About this task → Exactly the lines from the line that has "Oakley Clifden Sunglasses" through the final line below are to be retyped, and the pictures are not.

Dataset content →

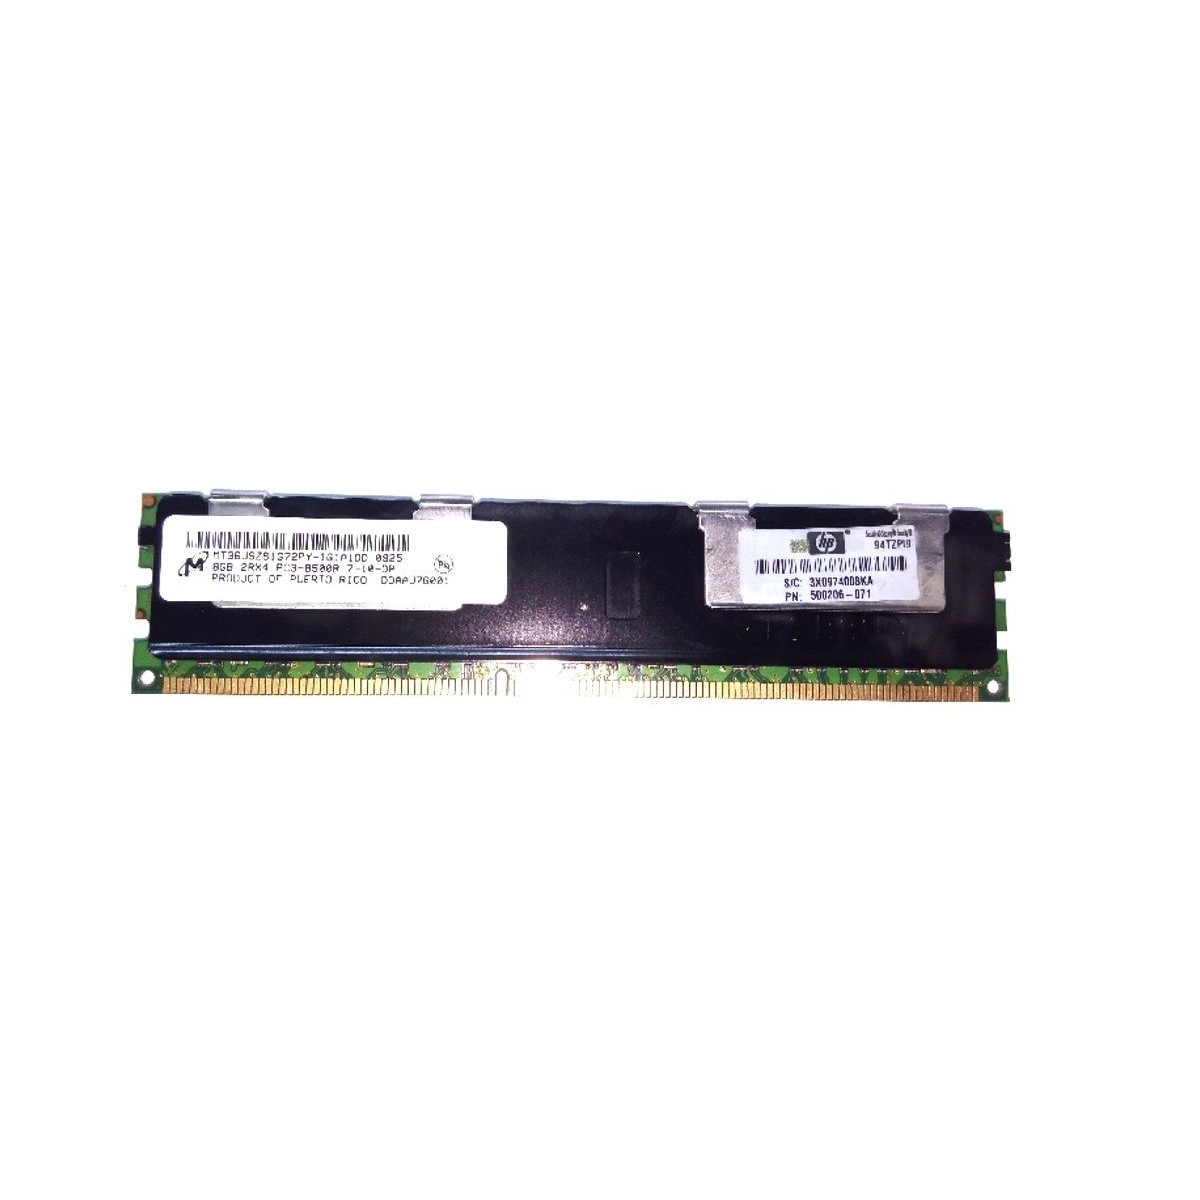 PAMIEC HP MICRON 8GB 2Rx4 PC3-8500R 500206-071
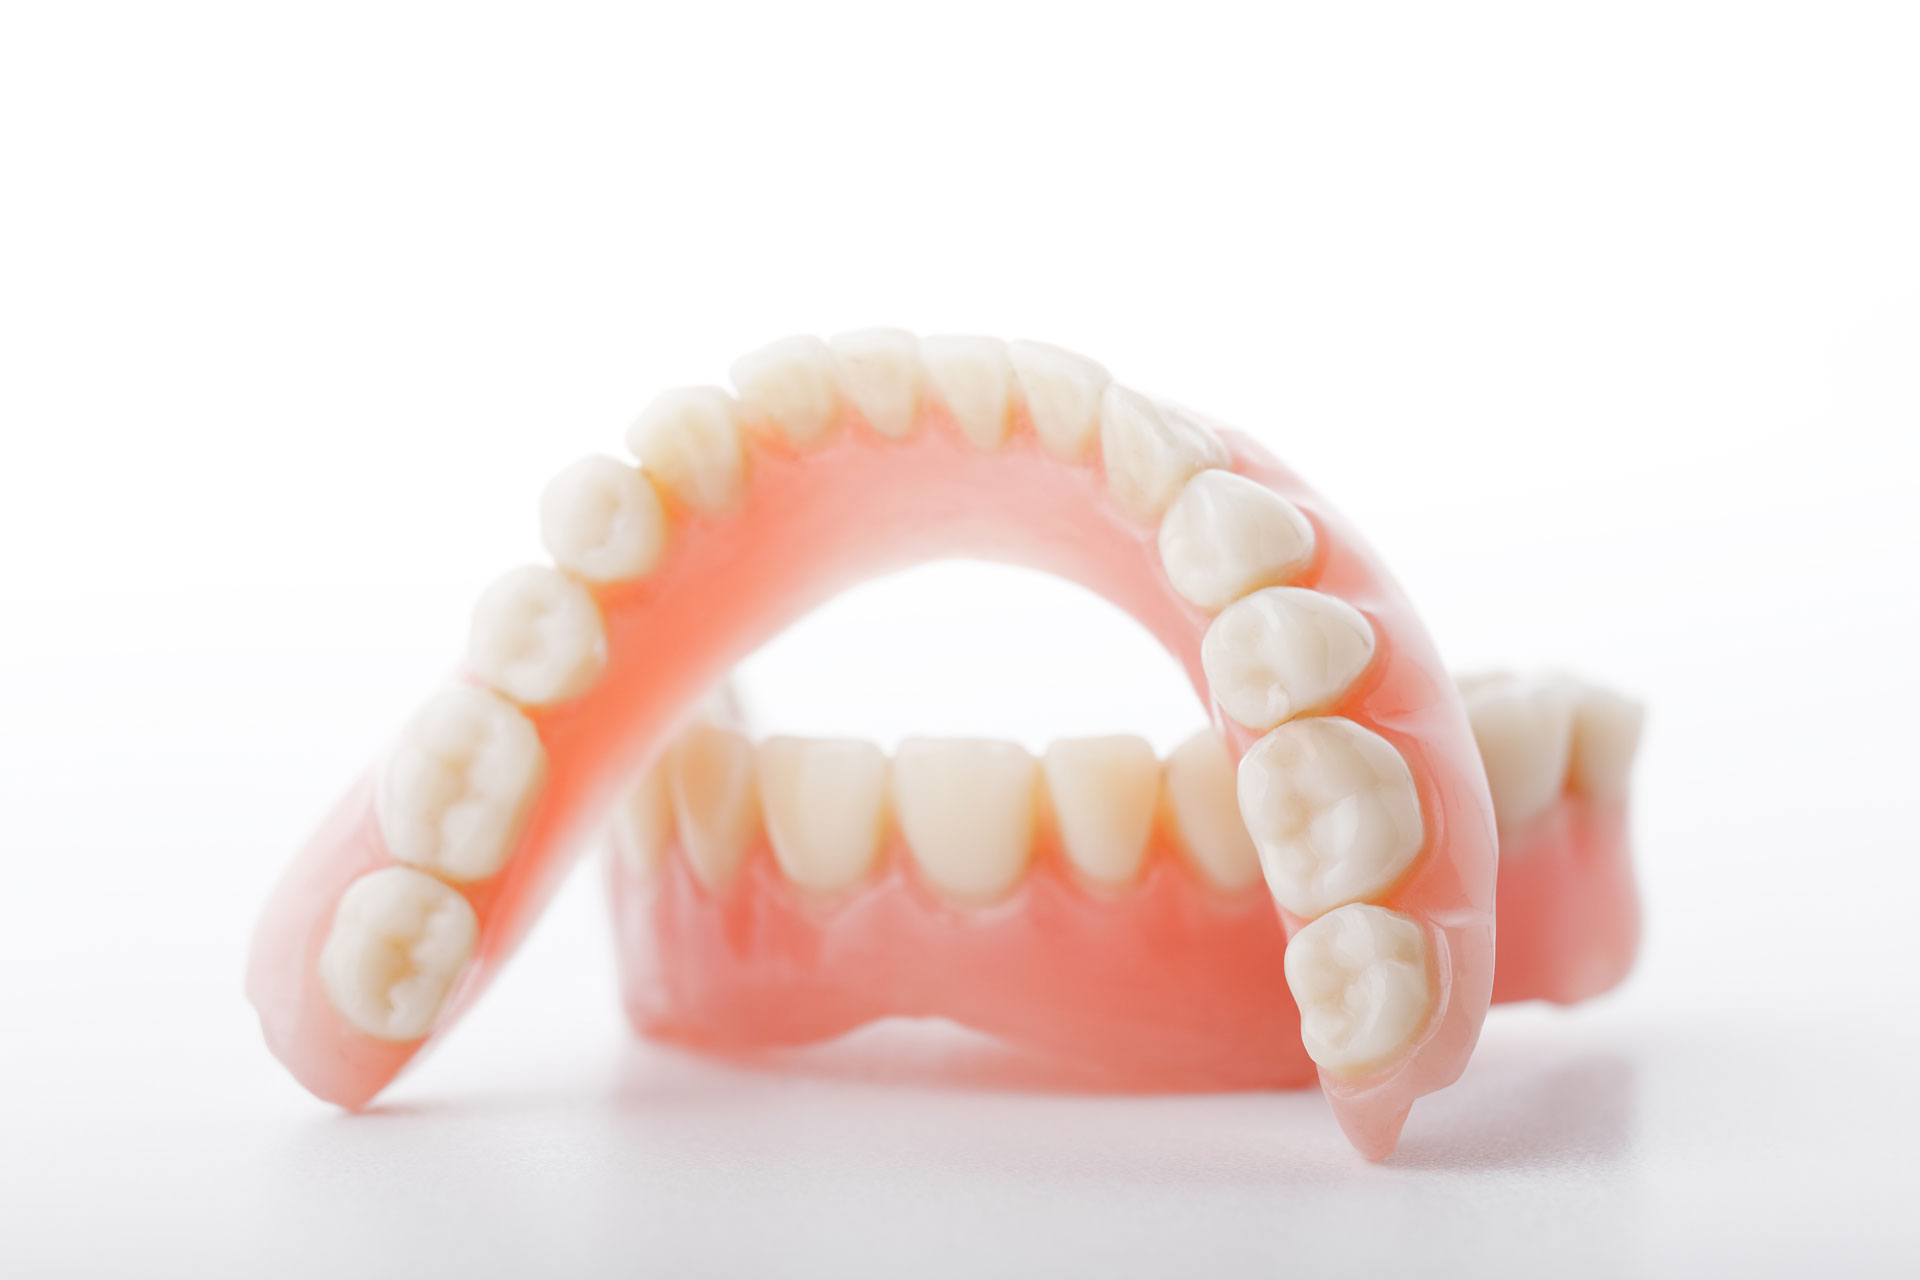 full conventional dentures
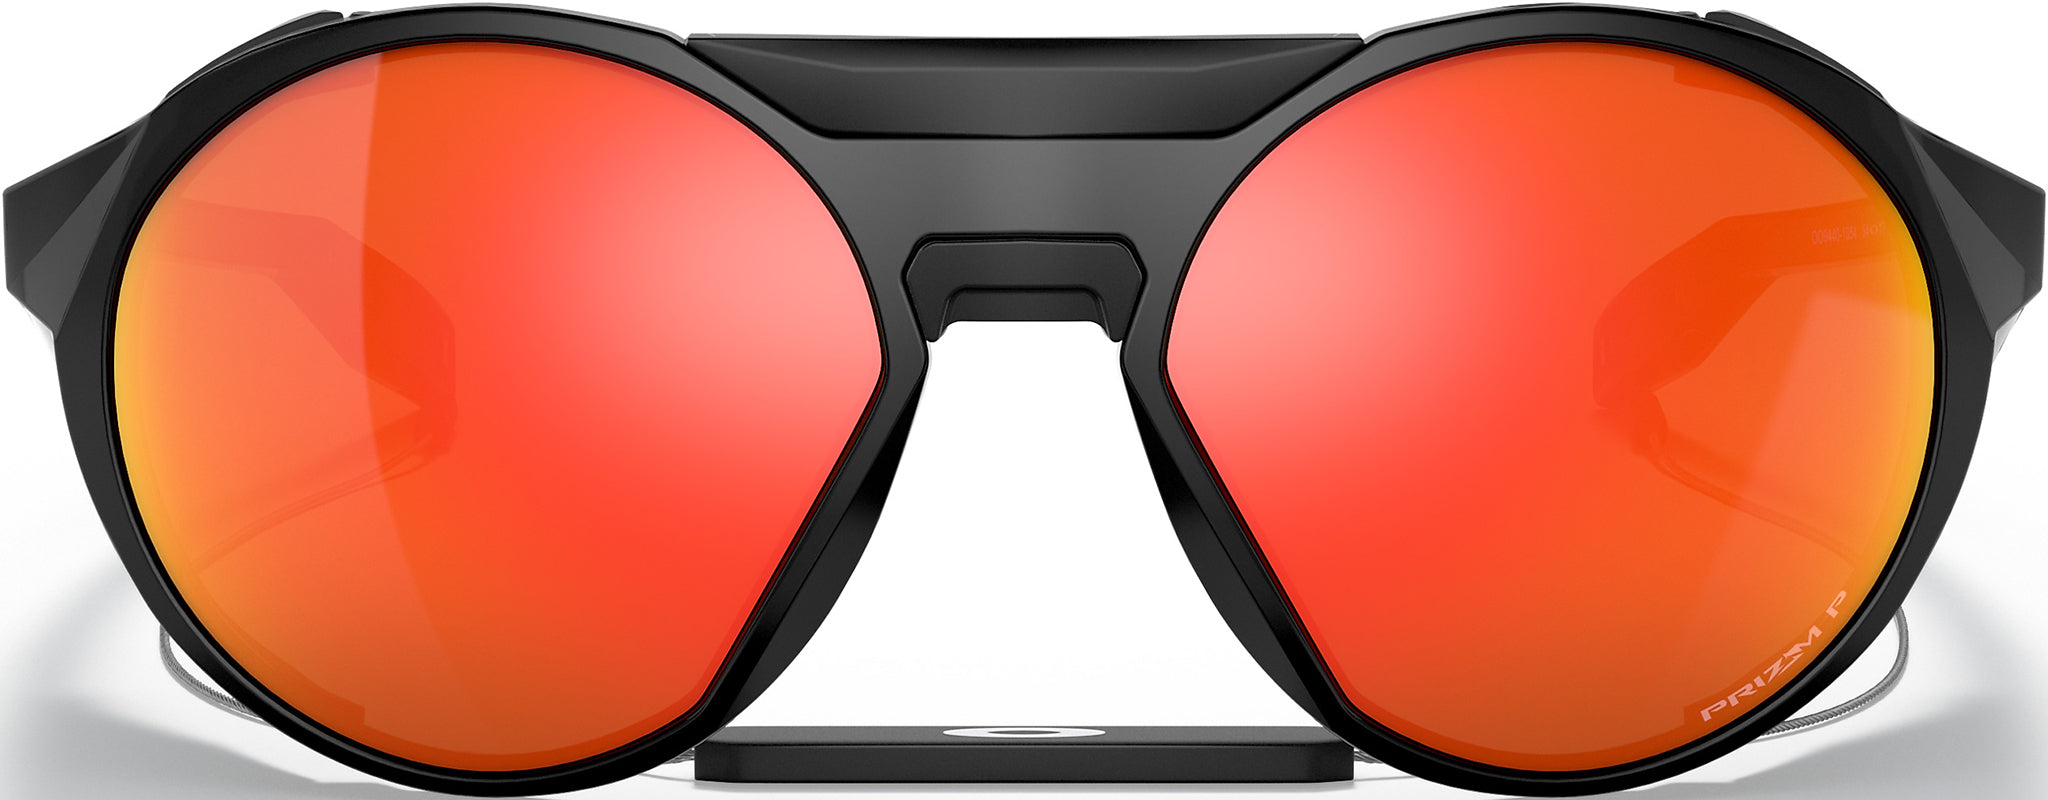 Oakley Clifden Sunglasses - Polished Black - Prizm Ruby Iridium Polarized  Lens | Altitude Sports
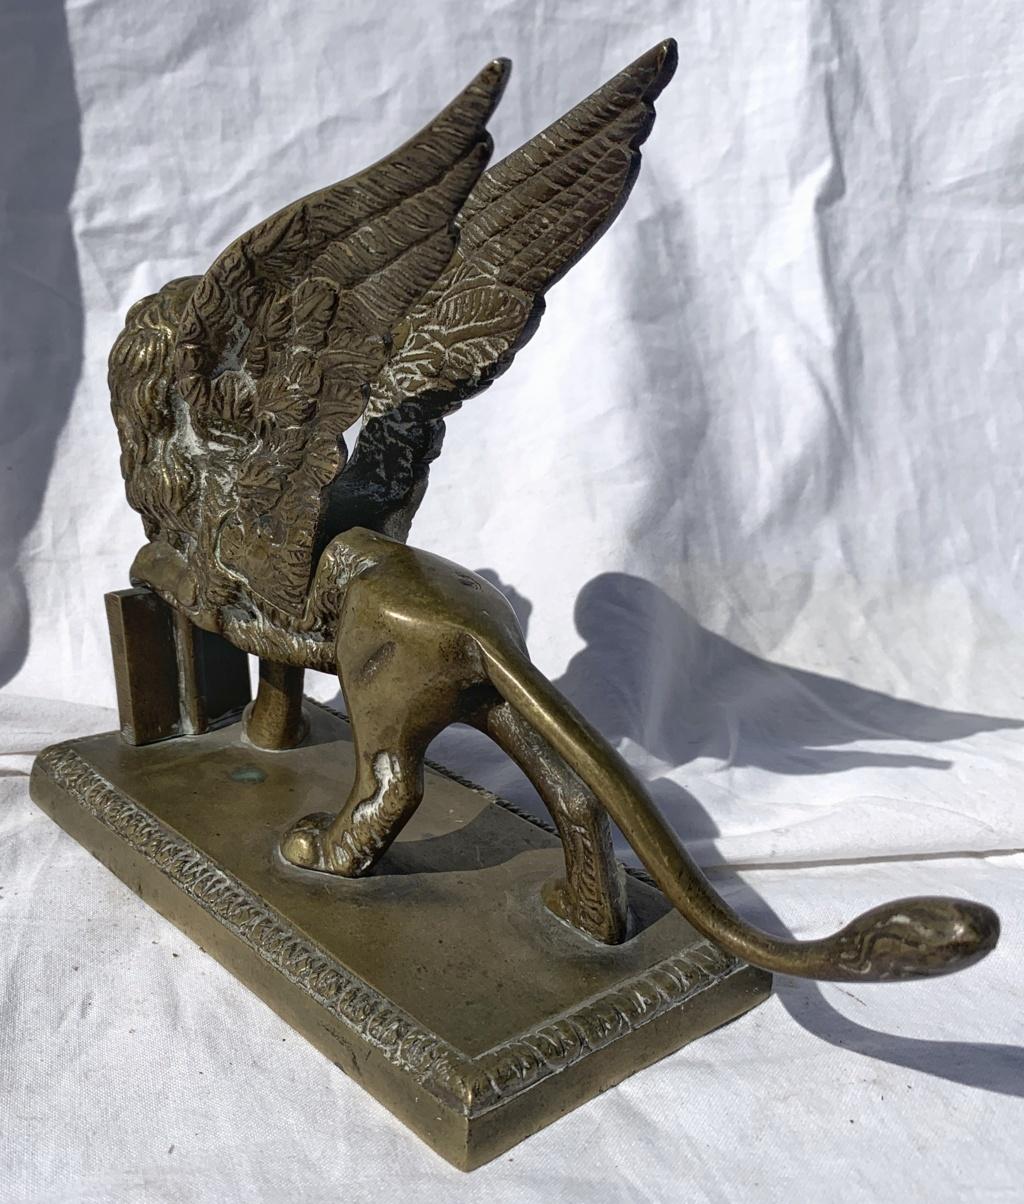 19-20th century Italian bronze sculpture - St Mark Lion - Venice Napoleon III - Gold Abstract Sculpture by Unknown

Written answer →
 Oakley Clifden Sunglasses - Polished Black - Prizm Ruby Iridium Polarized  Lens | Altitude Sports
 19-20th century Italian bronze sculpture - St Mark Lion - Venice Napoleon III - Gold Abstract Sculpture by Unknown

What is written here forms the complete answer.